On Thu, Aug 16, 2018 at 01:16:08PM -0700, Reinette Chatre wrote:
> +	l2_miss_event = perf_event_create_kernel_counter(&perf_miss_attr,
> +							 plr->cpu,
> +							 NULL, NULL, NULL);
> +	if (IS_ERR(l2_miss_event))
> +		goto out;
> +
> +	l2_hit_event = perf_event_create_kernel_counter(&perf_hit_attr,
> +							plr->cpu,
> +							NULL, NULL, NULL);
> +	if (IS_ERR(l2_hit_event))
> +		goto out_l2_miss;
> +
> +	local_irq_disable();
> +	/*
> +	 * Check any possible error state of events used by performing
> +	 * one local read.
> +	 */
> +	if (perf_event_read_local(l2_miss_event, &tmp, NULL, NULL)) {
> +		local_irq_enable();
> +		goto out_l2_hit;
> +	}
> +	if (perf_event_read_local(l2_hit_event, &tmp, NULL, NULL)) {
> +		local_irq_enable();
> +		goto out_l2_hit;
> +	}
> +
> +	/*
> +	 * Disable hardware prefetchers.
>  	 *
> +	 * Call wrmsr direcly to avoid the local register variables from
> +	 * being overwritten due to reordering of their assignment with
> +	 * the wrmsr calls.
> +	 */
> +	__wrmsr(MSR_MISC_FEATURE_CONTROL, prefetch_disable_bits, 0x0);

So what about virt?

> +
> +	/* Initialize rest of local variables */
> +	/*
> +	 * Performance event has been validated right before this with
> +	 * interrupts disabled - it is thus safe to read the counter index.
> +	 */
> +	l2_miss_pmcnum = x86_perf_rdpmc_ctr_get(l2_miss_event);
> +	l2_hit_pmcnum = x86_perf_rdpmc_ctr_get(l2_hit_event);
> +	line_size = plr->line_size;
> +	mem_r = plr->kmem;
> +	size = plr->size;

You probably want READ_ONCE() on that, the volatile cast in there
disallows the compiler from re-loading the values later.

> +
> +	/*
> +	 * Read counter variables twice - first to load the instructions
> +	 * used in L1 cache, second to capture accurate value that does not
> +	 * include cache misses incurred because of instruction loads.
> +	 */
> +	rdpmcl(l2_hit_pmcnum, l2_hits_before);

And this again does do virt.

> +	rdpmcl(l2_miss_pmcnum, l2_miss_before);
> +	/*
> +	 * From SDM: Performing back-to-back fast reads are not guaranteed
> +	 * to be monotonic.
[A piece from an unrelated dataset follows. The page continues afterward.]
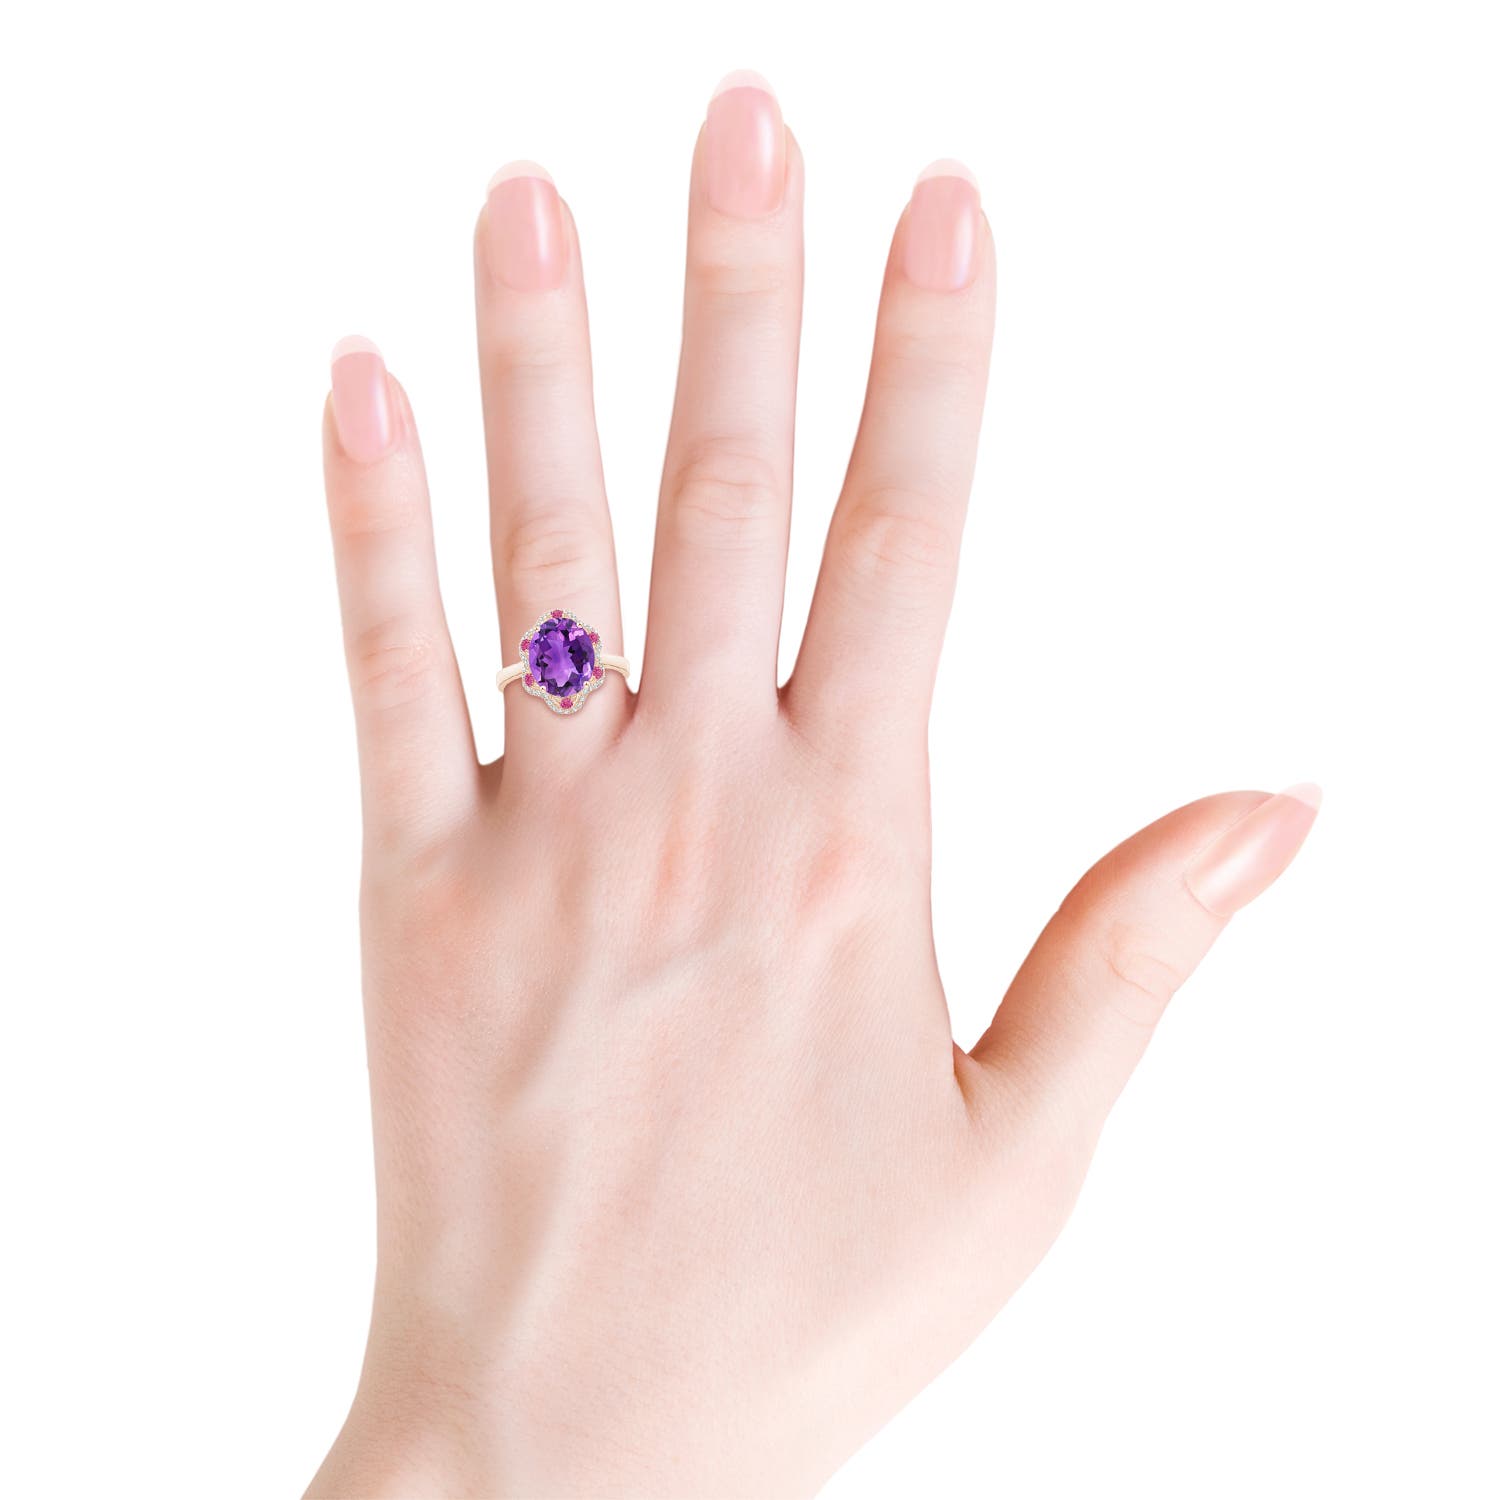 AAA - Amethyst / 3.48 CT / 14 KT Rose Gold

To guarantee monotonicity on back-toback reads,
> +	 * a serializing instruction must be placed between the two
> +	 * RDPMC instructions
> +	 */
> +	rmb();

You're copying the horrid horrid (did I say truly horrid?) use of
'serializing' from the SDM. Please don't do that.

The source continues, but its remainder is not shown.